# Task directions:
Pictures must not appear in the copy. Reproduce exactly, and only, the lines from the one with "vulpecula (Linnaeus, 1758)" through the end of the data below.
-- Supplied material follows --
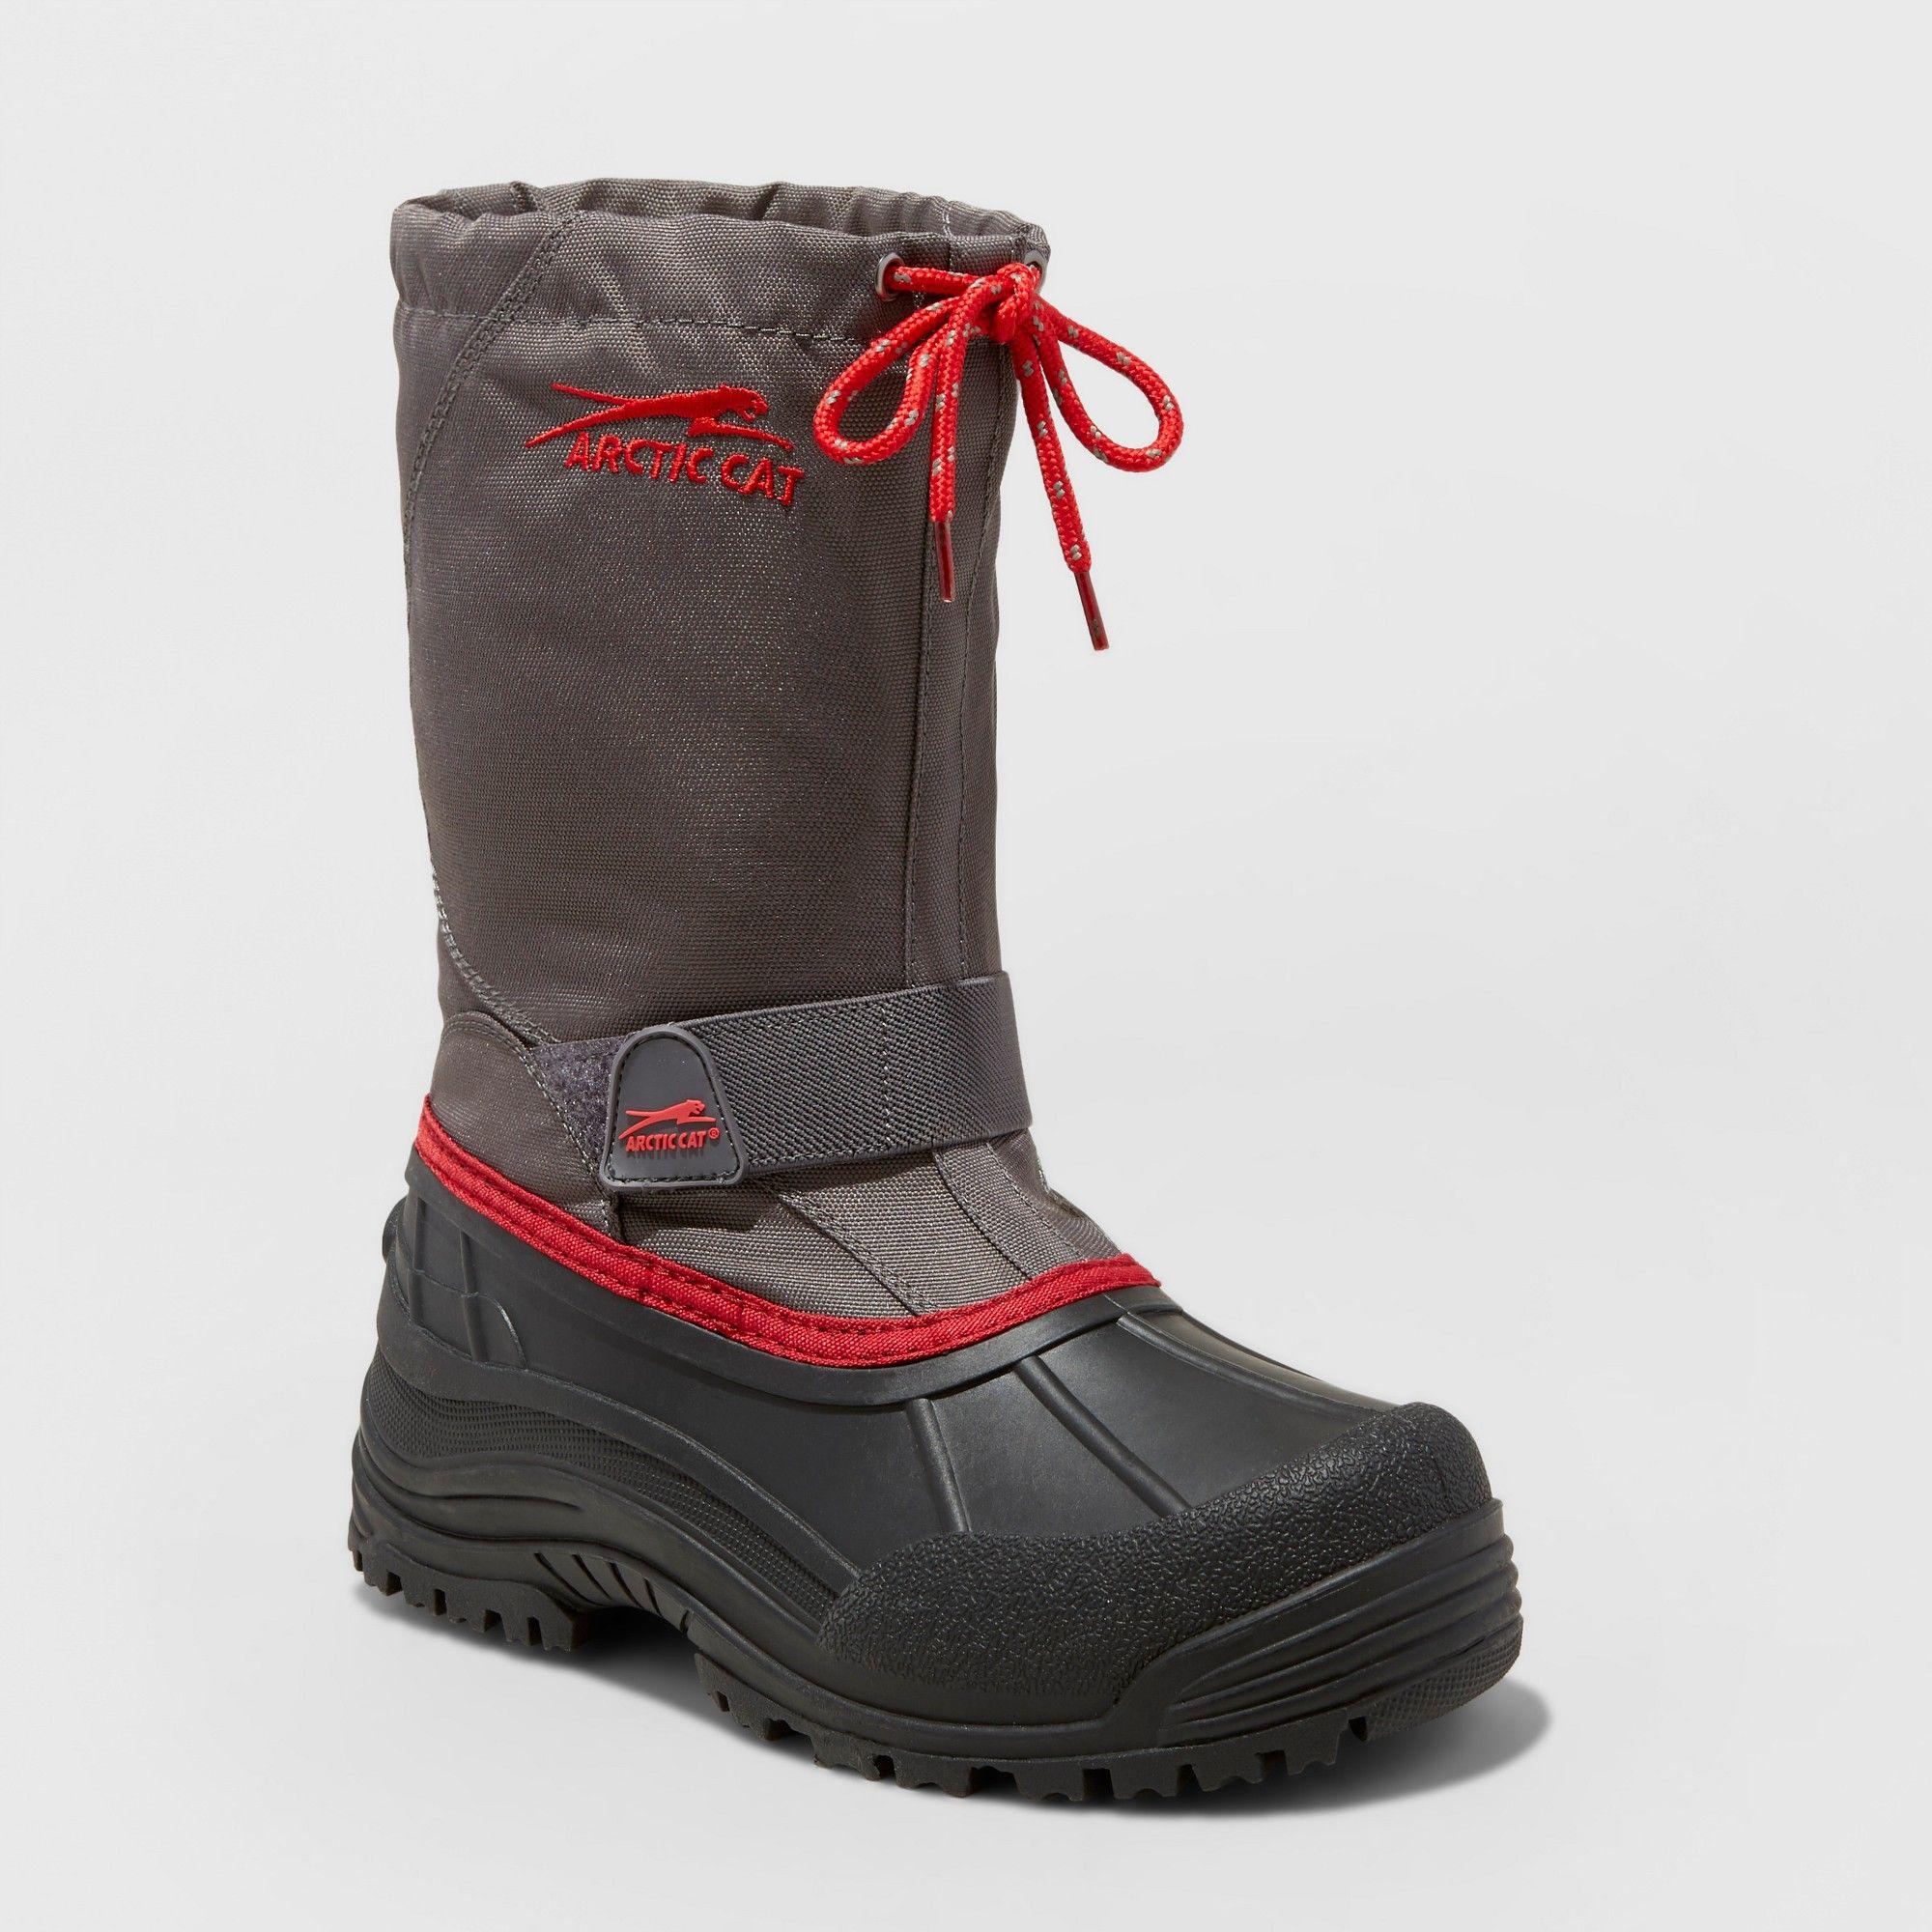 5bef6753b379 Boys  Arctic Cat Snowshower Winter Boots - Gray 2
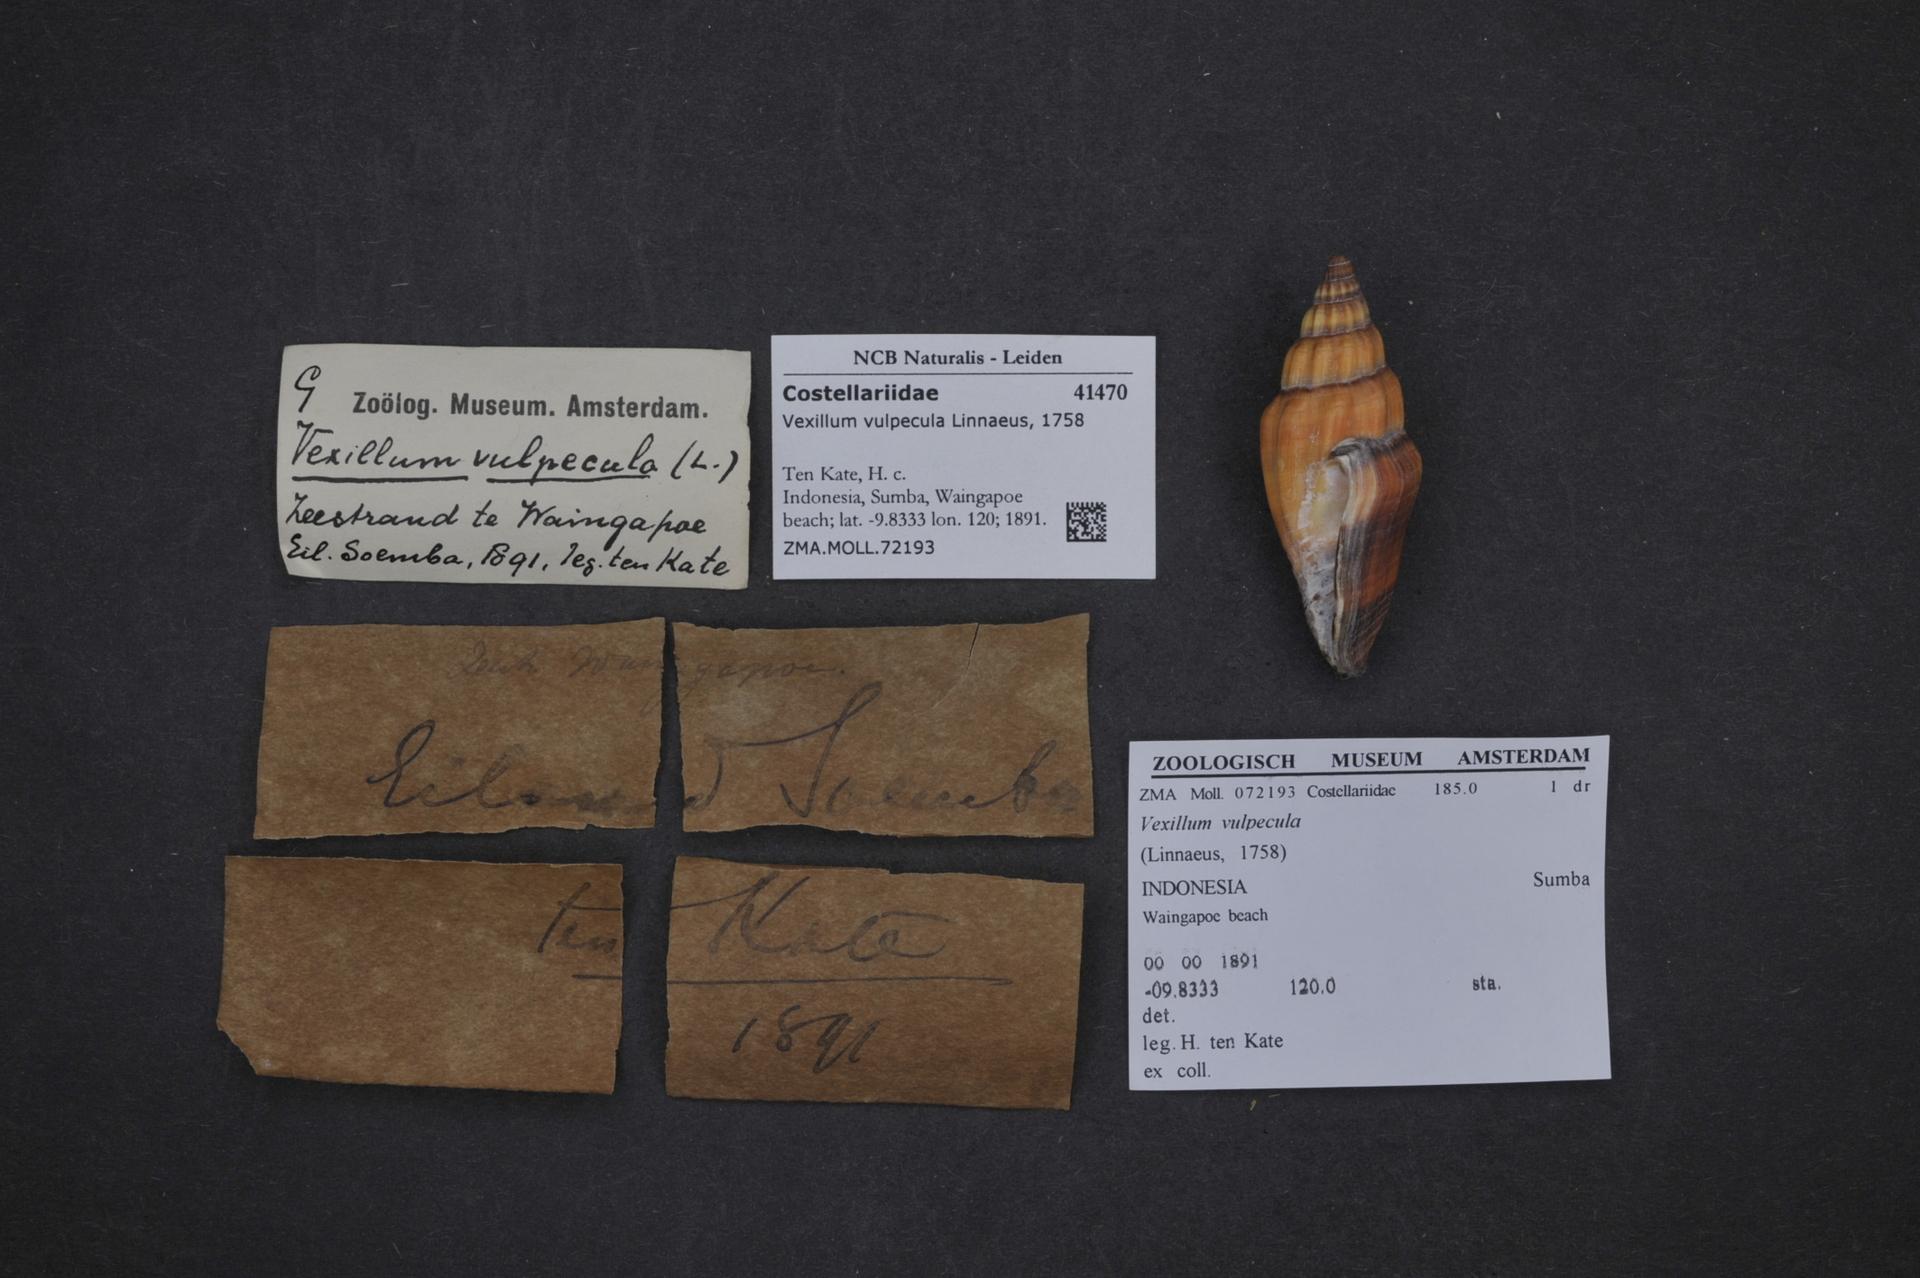 ZMA.MOLL.72193   Vexillum vulpecula (Linnaeus, 1758)
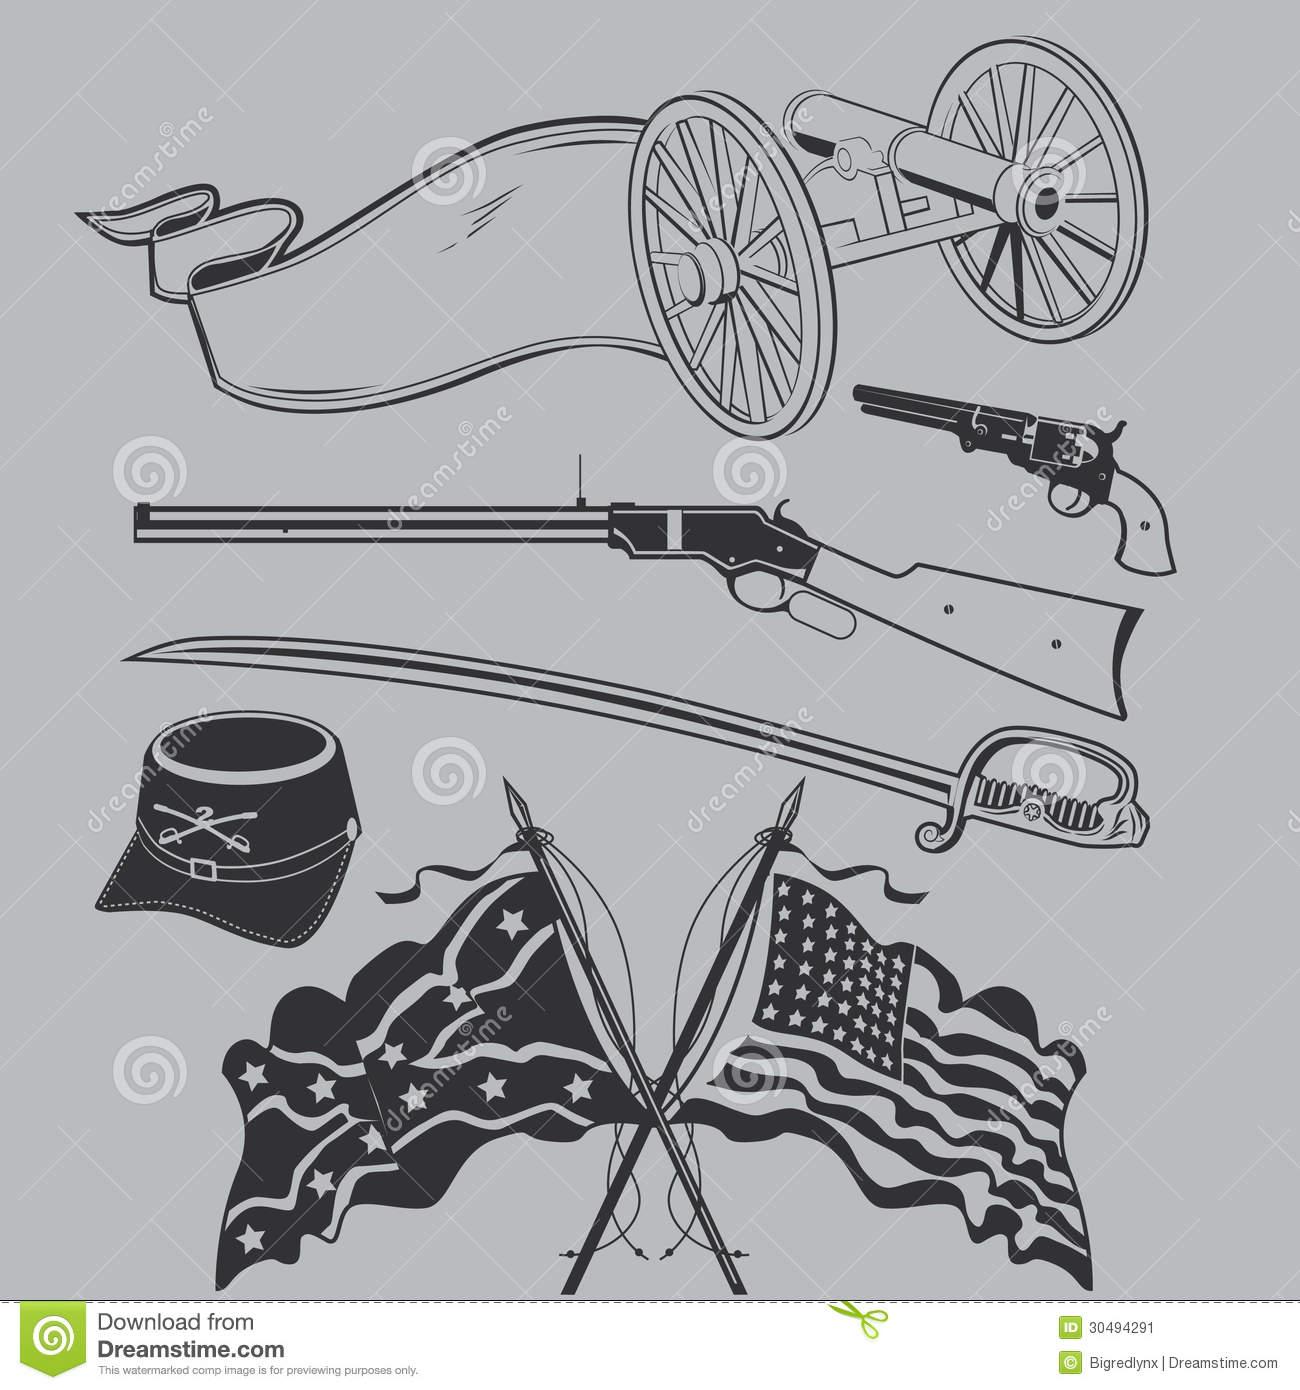 Civil War Clip Art Collection Stock Vector.
-- Supplied material concluded --
# Answer box:
 ZMA.MOLL.72193   Vexillum vulpecula (Linnaeus, 1758)
 Civil War Clip Art Collection Stock Vector.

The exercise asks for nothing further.